The temperature has, over most regions across the world, an increasing trend. The annual means of daily maximum and minimum temperature exhibited a significant increase during the focus study period (1950–2014). Ref. [103] discovered the same warming trends over WA, while [104,105] found similar results in Eastern and Southern Africa, respectively. Ref. [106] reported that the temperature increase in high latitudes was greater than that in low latitudes. Regarding the temperature extreme changes in the whole of WA, TN90, TX90p, and WSDI indicated a general warming trend. That result was in line with the findings in [107] during the period 1979–2005, where an upward trend was noted in TX90p and TN90p associated with an increase in WDSI. The cold nights (days), TN10p (TX10p), showed a southward declining trend. This observation was confirmed by [101], which identified uniform declining trends in TN10p and TX10p over WA. Furthermore, during the period 1950–2014, the trends of cool/warm nights (TN10p/TX90p) were more significant than those of cool/warm days (TX10p/TX90p); this justifies the finding of [56], which reached the same conclusion over China. The absolute extreme temperature indices, such as TXX, TXM, TMM, TNX, TNN, TNM, and TXN, experienced an increasing trend over the whole study area. The Sahel area became warmer, with significantly high values noticed; a clear northward dynamic gradient was well represented.
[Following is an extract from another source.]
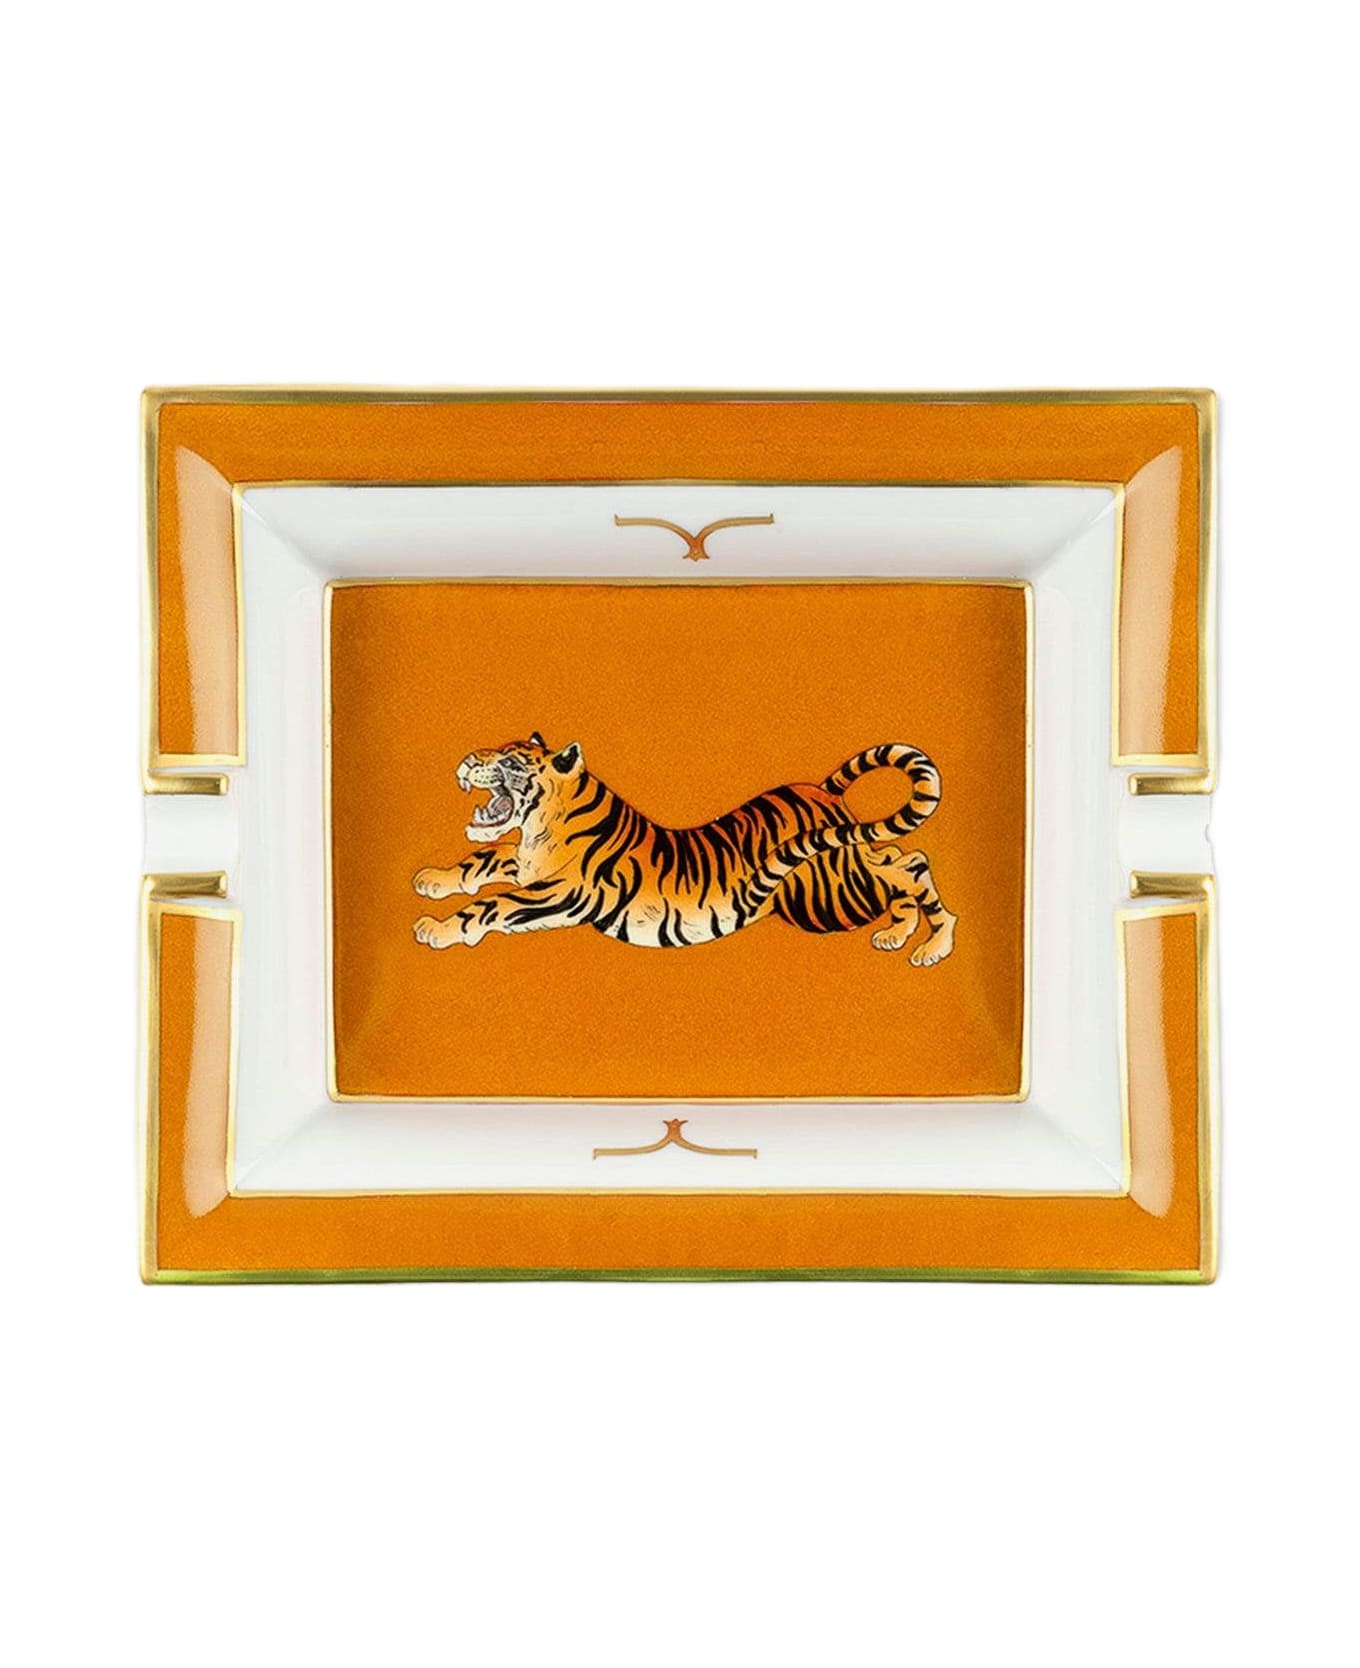 Larusmiani Ashtray 'tigre' Tray - Orange トレー

Overall, clear warming weather events were experienced in WA, with significant increases in all the extreme temperatures. This change in climate conditions revealed the manifest effect of climate change in the study domain. Studying the temporal variability and trends of temperature, the study revealed that the cold indices TX10p, TN10p (Figure 16a,b), and CSDI (Figure 17k) expressed a general temporal negative trend. Those indices had breakpoints within their trends in 1962 in terms of temperature change because, prior to the clear declining trend, the indices observed a slight increase from 1950 to 1962 before adopting an upward trend until the end of the study period (2014).
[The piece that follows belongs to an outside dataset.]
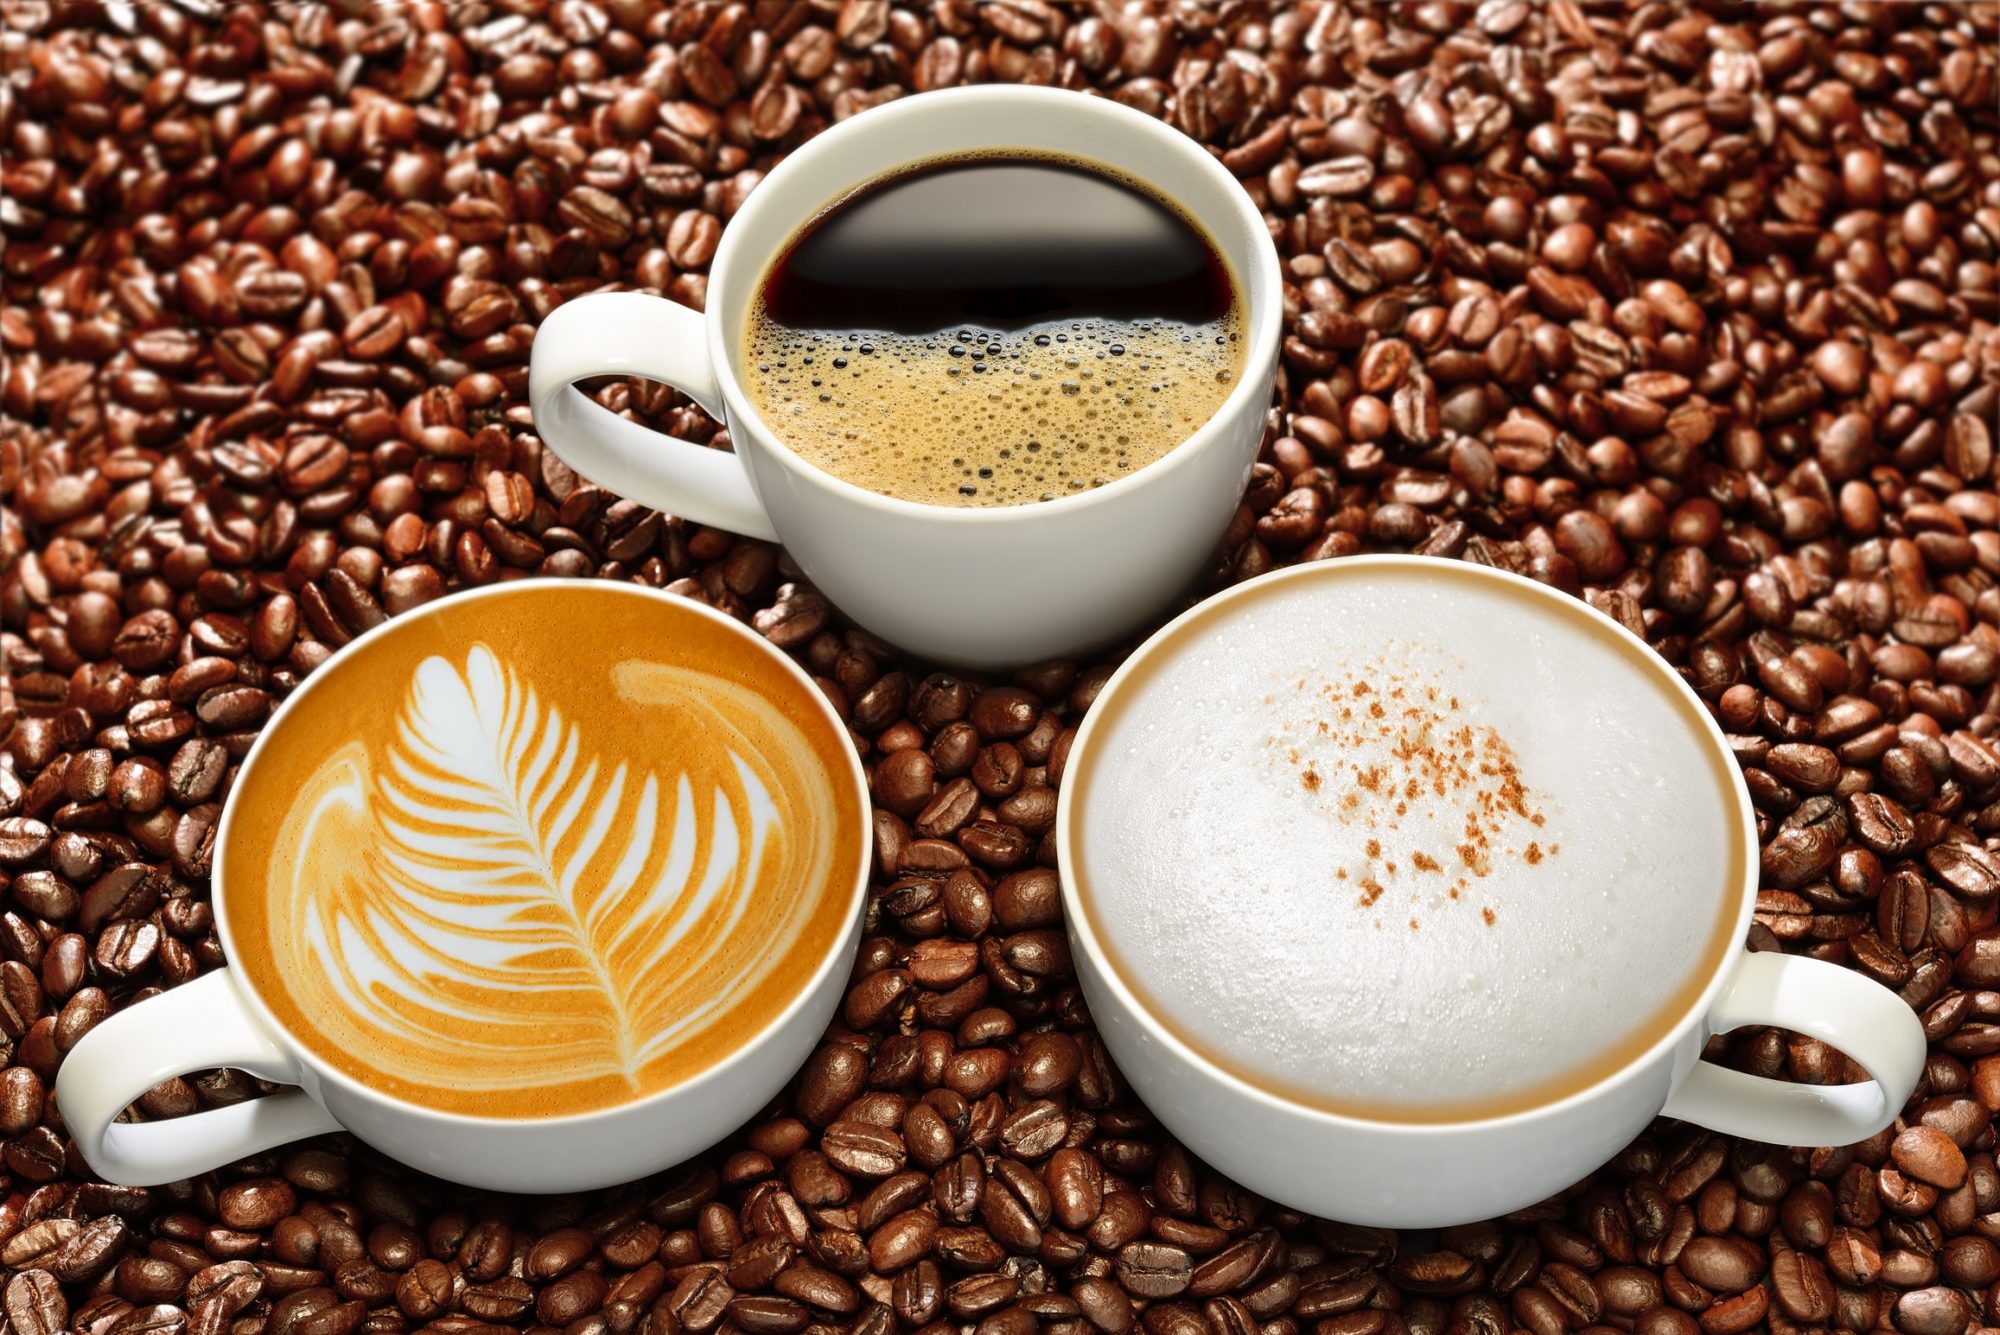 Modern Break Room Solutions New York City | Single Cup Brew Coffee | Refreshment Equipment

The present study revealed that in WA, very few positive trends of CDD were generally observed, with the maxima converging in the northern part as well as over some other countries (Benin, Togo, Ghana, and Cote d’Ivoire). However, the increasing trends of CDD reduced southwardly. A contrast was noticed in that the area receiving a lot of rainfall (Guinea Highlands, Cameroon mounts, and Gabon forests) displayed a decreasing trend in CWD, while the savannah was more wet. The trends regarding CDD and CWD confirmed findings from [103]. The negative trend in CWD was directly correlated with a southward increase of R10mm, R20mm, and R30mm in WA, similarly as in the findings in [20], which detected increasing R10mm and R20mm over the orographic regions and the ocean boundary (Gulf of Guinea). Changes in CDD and CWD can lead to uneven temporal distributions of rainfall. It is manifest that the persistence in the upward trend in CDD and the simultaneous downward trend in CWD led to a negative impact on the PRCPTOT trend over the study domain and could have a negative influence on the water resource demand in WA in general and especially in the northern regions. This may lead to efforts to further irrigation plans to supply the needs of water for agriculture production in the northern area. Furthermore, the southward diminution in CWD might induce a reduction in the number of times WA is watered, and the concurrent upward noticed in SDII and the R30mm might induce localized floodlike situations over the southern regions. It is important to note that CDD and CWD are crucial in the magnitude of flooding (especially flash flooding) events because of their implications on the soil moisture state before the occurrence of flooding. Moreover, as [108] indicated, increasing soil moisture reduces the infiltration capacity of the study domain and then fosters flooding occurrence. A very strong correlation was noticed among R99p, R95p, and PRCPTOT. The increase in PRCPTOT over WA was illustrated in previous studies [103,107]. This attests that other rainfall events over the area did not contribute much to the total annual rainfall amount. Indirectly, extreme rainfall events increased in intensity in the southern area and might be the most accountable for the total annual rainfall.

5. Conclusions

In this study, the long-term spatial and temporal variabilities of and changes in rainfall and temperature were analyzed. Based on climate indices suggested by ETCCDMI, the study applied three statistical tests to assess the trends in the two variables. The following conclusions from the study can be made:
  • The total annual rainfall was found to decrease around the coastal area, especially over the Guinea highlands, the Cameroon mountains, as the Gabon forests, but increase over the Savannah and Sahel regions. Furthermore, rainfall during the monsoon months contributed more than 85% of the total annual rainfall in the study domain.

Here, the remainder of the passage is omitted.